Version: 1.0.2

Chat Models

Watsonx.ai Chat Models provide powerful conversational AI capabilities for building intelligent applications. The Spring AI Watsonx.ai integration supports various foundation models available in IBM's Watsonx.ai platform.

Supported Models

The following foundation models are supported:

IBM Granite models - IBM's enterprise-focused language models
Meta Llama models - Meta's open-source language models
Mistral AI models - Mistral's efficient language models
Other foundation models available in your Watsonx.ai deployment

Auto-configuration

Spring AI provides Spring Boot auto-configuration for the Watsonx.ai Chat Model. To enable it, add the following dependency to your project's Maven pom.xml file:

tip

Check Maven Central for the latest version.

<dependency>
    <groupId>org.springaicommunity</groupId>
    <artifactId>spring-ai-starter-model-watsonx-ai</artifactId>
    <version>1.X.X</version>
</dependency>

Or to your Gradle build.gradle build file:

dependencies {
    implementation 'org.springaicommunity:spring-ai-starter-model-watsonx-ai:1.X.X'
}

Configuration Properties

The prefix spring.ai.watsonx.ai.chat is used as the property prefix that lets you configure the connection to Watsonx.ai.

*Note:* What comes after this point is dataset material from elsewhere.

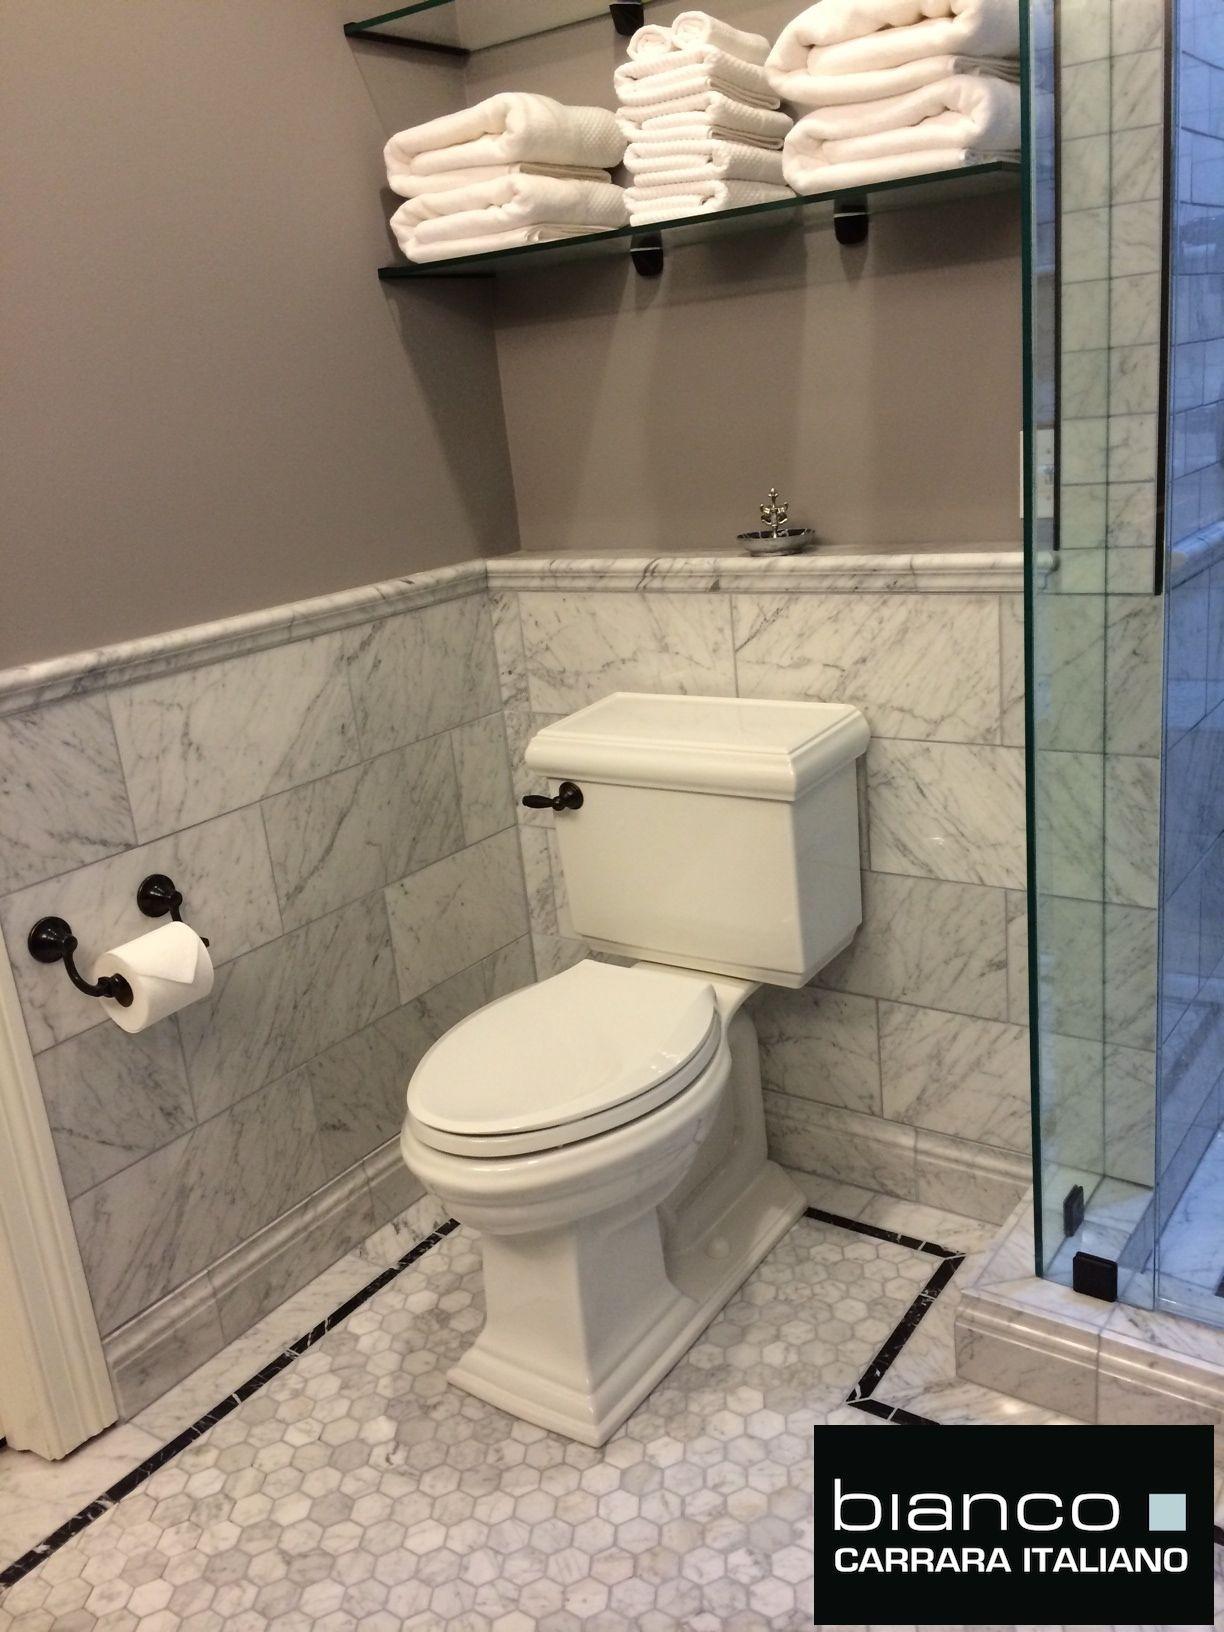 Carrara Bianco Marble Bathroom Bianco Carrara Marble Pinterest Carrara Subway Tiles And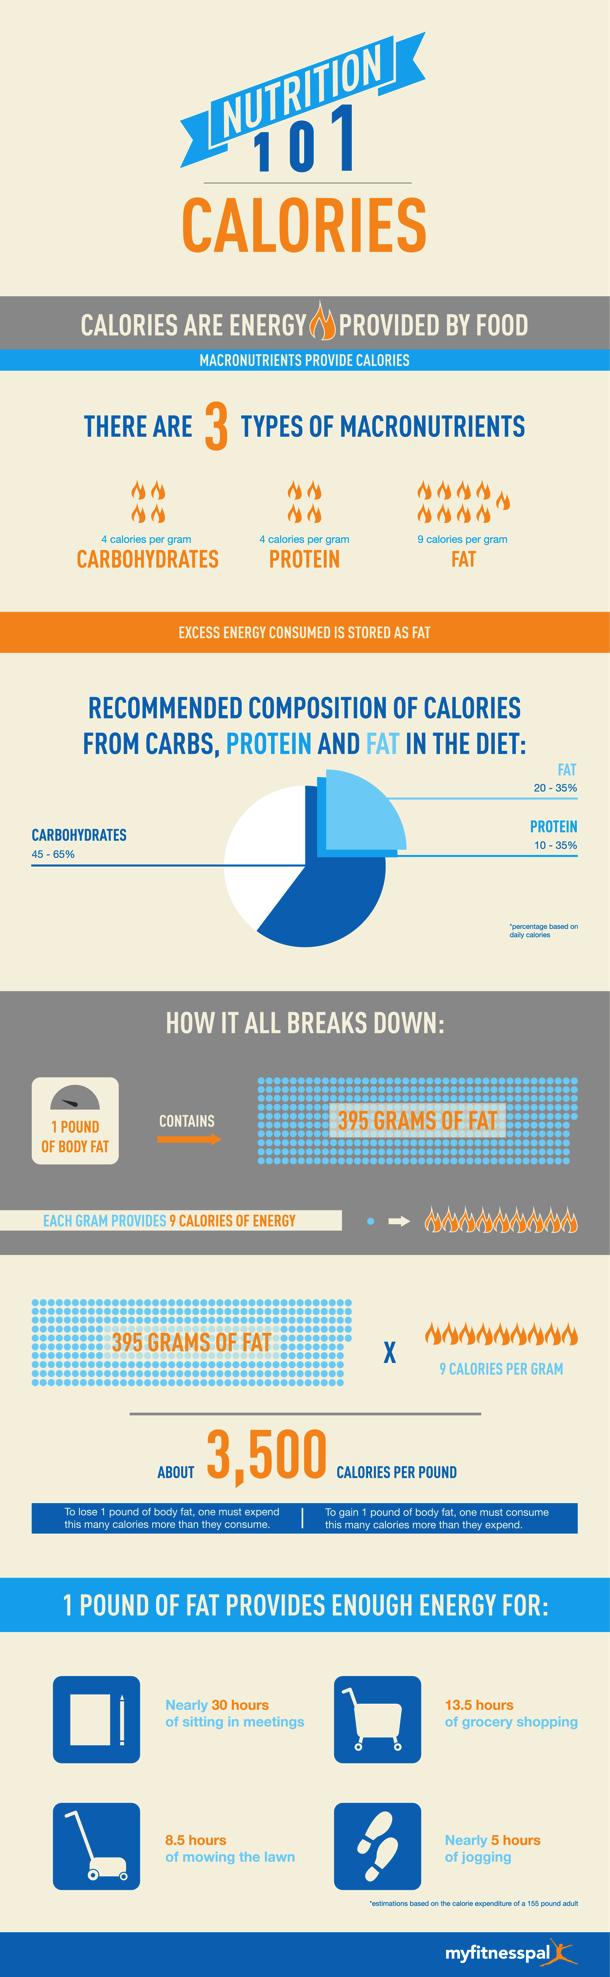 Nutrition 101: Calories [infographic]

Property	Default	Required	Description
`spring.ai.watsonx.ai.api-key`		true	Your Watsonx.ai API key
`spring.ai.watsonx.ai.url`		true	Your Watsonx.ai service URL
`spring.ai.watsonx.ai.project-id`		true	Your Watsonx.ai project ID
`spring.ai.watsonx.ai.chat.options.model`	`ibm/granite-13b-chat-v2`	false	The model to use for chat completions
`spring.ai.watsonx.ai.chat.options.temperature`	`0.7`	false	Controls randomness in the response
`spring.ai.watsonx.ai.chat.options.max-new-tokens`	`1024`	false	Maximum number of tokens to generate
`spring.ai.watsonx.ai.chat.options.top-p`	`1.0`	false	Controls diversity via nucleus sampling
`spring.ai.watsonx.ai.chat.options.top-k`	`50`	false	Controls diversity by limiting vocabulary
`spring.ai.watsonx.ai.chat.options.repetition-penalty`	`1.0`	false	Penalty for repeating tokens

tip

All properties prefixed with spring.ai.watsonx.ai.chat.options can be overridden at runtime by adding a request specific runtime options to the Prompt call.

Runtime Options

The WatsonxAiChatOptions.java provides model configurations, such as the model to use, the temperature, max tokens, etc.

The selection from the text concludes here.